# IMPORTS AND API_KEY

In [1]:
import requests
import time
import mysql.connector
import test_config
api_key = '91011d12ab785b50295a8f31e8f78a6b'
db_name = 'movies'

# CREATE DATABASE

In [2]:
cnx = mysql.connector.connect(
        host = test_config.host,
        user = test_config.user,
        password = test_config.password
)
cursor = cnx.cursor(buffered=True)

In [3]:
cursor.execute("""CREATE DATABASE {} DEFAULT CHARACTER SET 'utf8'""".format(db_name))
cnx.close()

# CREATE TABLE(S)

"create_table" creates tables into your database. Takes a query and database as variables.

In [7]:
def create_tmdb_table(table_name, db_name):
    cnx = mysql.connector.connect(
        host = test_config.host,
        user = test_config.user,
        password = test_config.password,
        database = db_name
    )
    cursor = cnx.cursor(buffered=True)
    
    cursor.execute("""
    CREATE TABLE {} (
    movie_id varchar(20) NOT NULL UNIQUE,
    imdb_id varchar(20) NOT NULL UNIQUE,
    title varchar(100) NOT NULL,
    budget int(12),
    revenue int(12),
    roi float(6),
    release_date varchar(10),
    PRIMARY KEY (movie_id)
    )
""".format(table_name))
    
    cnx.close()

In [8]:
create_tmdb_table('tmdb_comedy', db_name)

# DEFINE FUNCTIONS

"get_movie_ids" makes API calls to pull movie_ids (needed for reveneue/budget API calls). Takes a genre_id as a variable. Uses api_key defined above. Run time is approximately 30 seconds.

In [9]:
def get_movie_ids(genre_id):
    url = 'https://api.themoviedb.org/3/discover/movie?api_key={}&with_genres={}&sort_by=revenue.desc&page=1'.format(api_key, genre_id)
    response = requests.get(url)
    data = response.json()
    num = data['total_pages']
    
    movies = []
    page = 1
    while page < 100 or page <= num:
        url = 'https://api.themoviedb.org/3/discover/movie?api_key={}&with_genres={}&sort_by=revenue.desc&page={}'.format(api_key, genre_id, page)
        response = requests.get(url)
        moviez = response.json()['results']
        movies.extend(moviez)
        page += 1
        time.sleep(0.25)
        
    movie_ids = [movie['id'] for movie in movies]
    return movie_ids

"get_RevBub" makes one API call per movie_id and grabs revenue and budget infomation.
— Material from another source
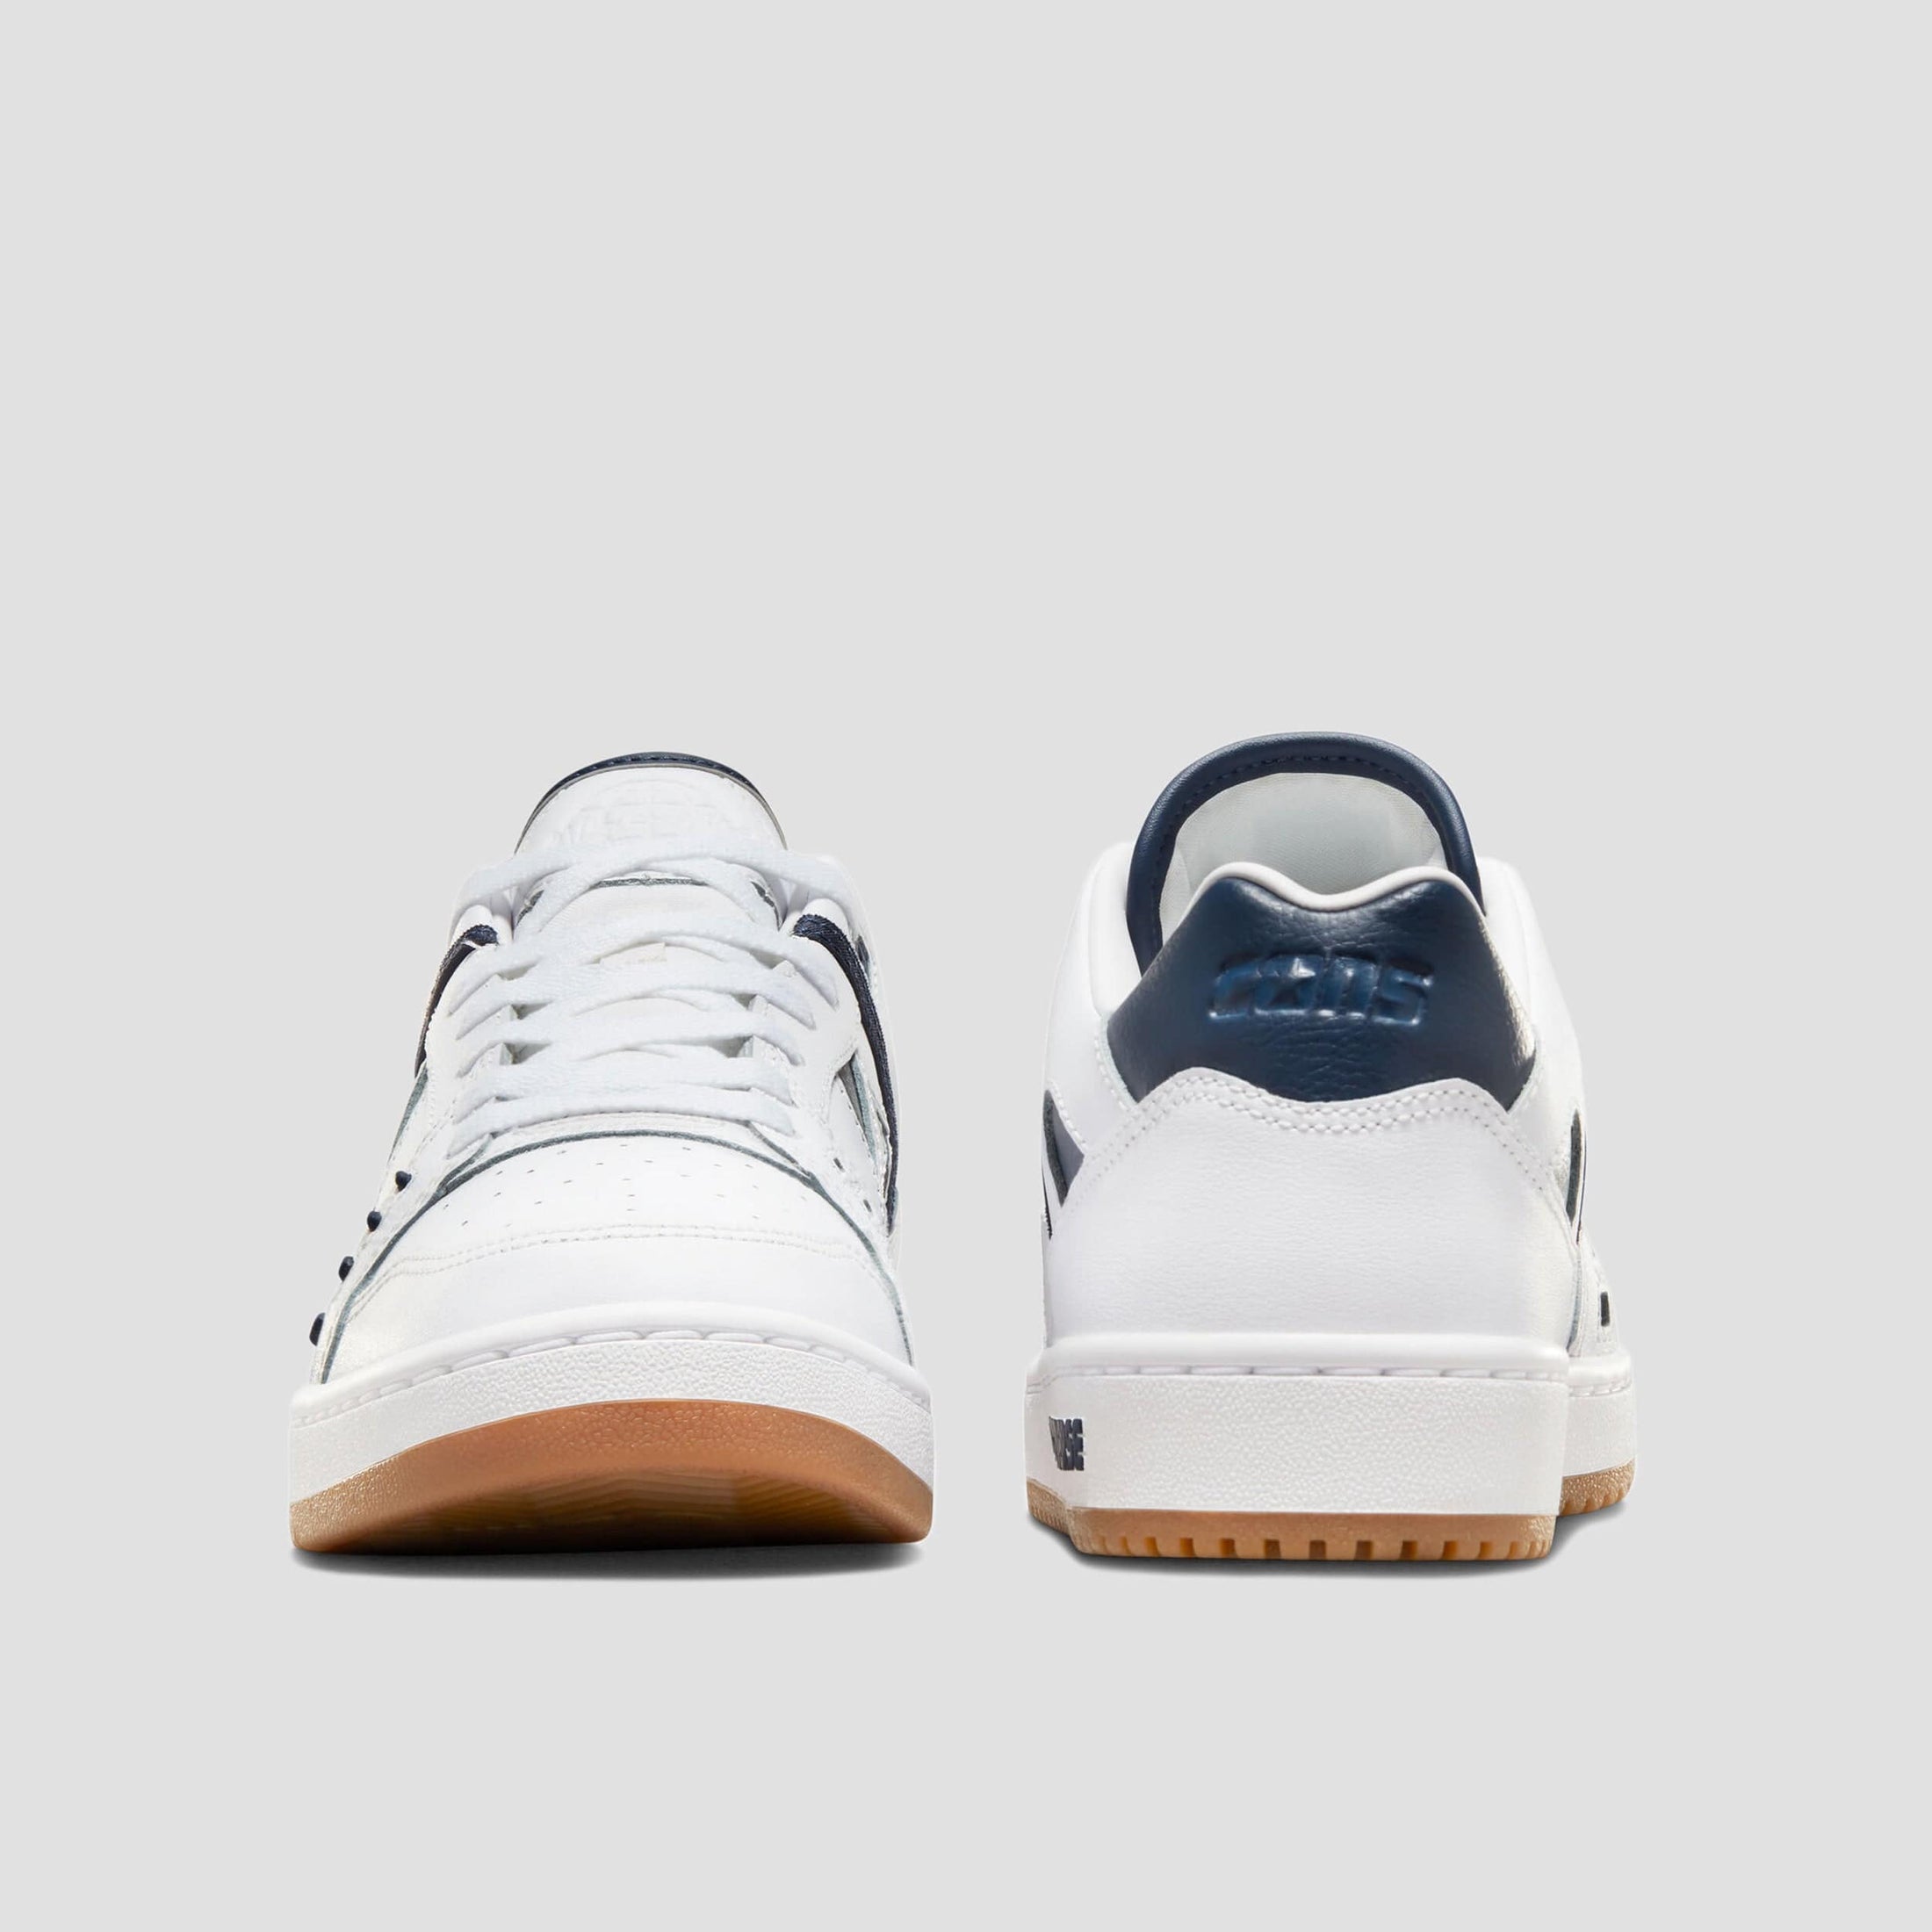 Converse AS-1 Ox Skate Shoes White / Navy / Gum

Takes a list of movie_ids as a variable. Uses api_key defined above. Run time is approximately 6 minutes.

In [10]:
def get_RevBud(movie_ids):
    movies = []
    count = 1
    for i_d in movie_ids:
        url = 'https://api.themoviedb.org/3/movie/{}?api_key={}&language=en-US&append_to_response=revenue'.format(i_d,api_key)
        response = requests.get(url)
        moviez = response.json()
        movies.append(moviez)
        time.sleep(0.3)
    return movies

"parsed_results" returns cleaned results: imdb_id, title, budget, revenue, roi, release_date. Takes a list of movies (one dictionary per movie) as a variable.

In [11]:
def parsed_results(movies):
    parsed_movies = []
    for movie in movies:
        if movie['imdb_id'] == None or movie['imdb_id'] == '':
            continue
        else:
            parsed = {}
            parsed['movie_id'] = movie['id']
            parsed['imdb_id'] = movie['imdb_id']
            parsed['title'] = movie['title']
            parsed['budget'] = movie['budget']
            parsed['revenue'] = movie['revenue']
            parsed['release_date'] = movie['release_date']
            parsed_movies.append(parsed)
    return parsed_movies

"calc_roi" returns ROI = revenue / budget - 1. Takes a list of movies (one dictionary per movie) as a variable.

In [12]:
def calc_roi(parsed_movies):    
    for movie in parsed_movies:
        if movie['budget'] != 0:
            movie['roi'] = round((movie['revenue'] / movie['budget'])-1, 2)
        else:
            movie['roi'] = 0.0
    return parsed_movies

In [13]:
def insert_into_DB(table_name, movies):
    cnx = mysql.connector.connect(
        host = test_config.host,
        user = test_config.user,
        password = test_config.password,
        database = db_name
    )
    cursor = cnx.cursor(buffered=True)
    
    movies_to_insert = []
    for movie in movies:
        movie_tuple = (
            movie['movie_id'],
            movie['imdb_id'],
            movie['title'],
            movie['budget'],
            movie['revenue'],
            movie['roi'],
            movie['release_date']
        )
        movies_to_insert.append(movie_tuple)
        
    insert_query = ("""
        INSERT INTO {} (movie_id, imdb_id, title, budget, revenue, roi, release_date)
        VALUES (%s, %s, %s, %s, %s, %s, %s)
        """.format(table_name))
    
    cursor.executemany(insert_query, movies_to_insert)
    cnx.commit()
    cnx.close()

In [15]:
def execute(genre_id, table_name):
    movie_ids = get_movie_ids(str(genre_id))
    movies = get_RevBud(movie_ids)
    parsed_movies = parsed_results(movies)
    movie_data = calc_roi(parsed_movies)
    insert_into_DB(table_name, parsed_movies)

In [16]:
execute(35, 'tmdb_comedy')

KeyboardInterrupt: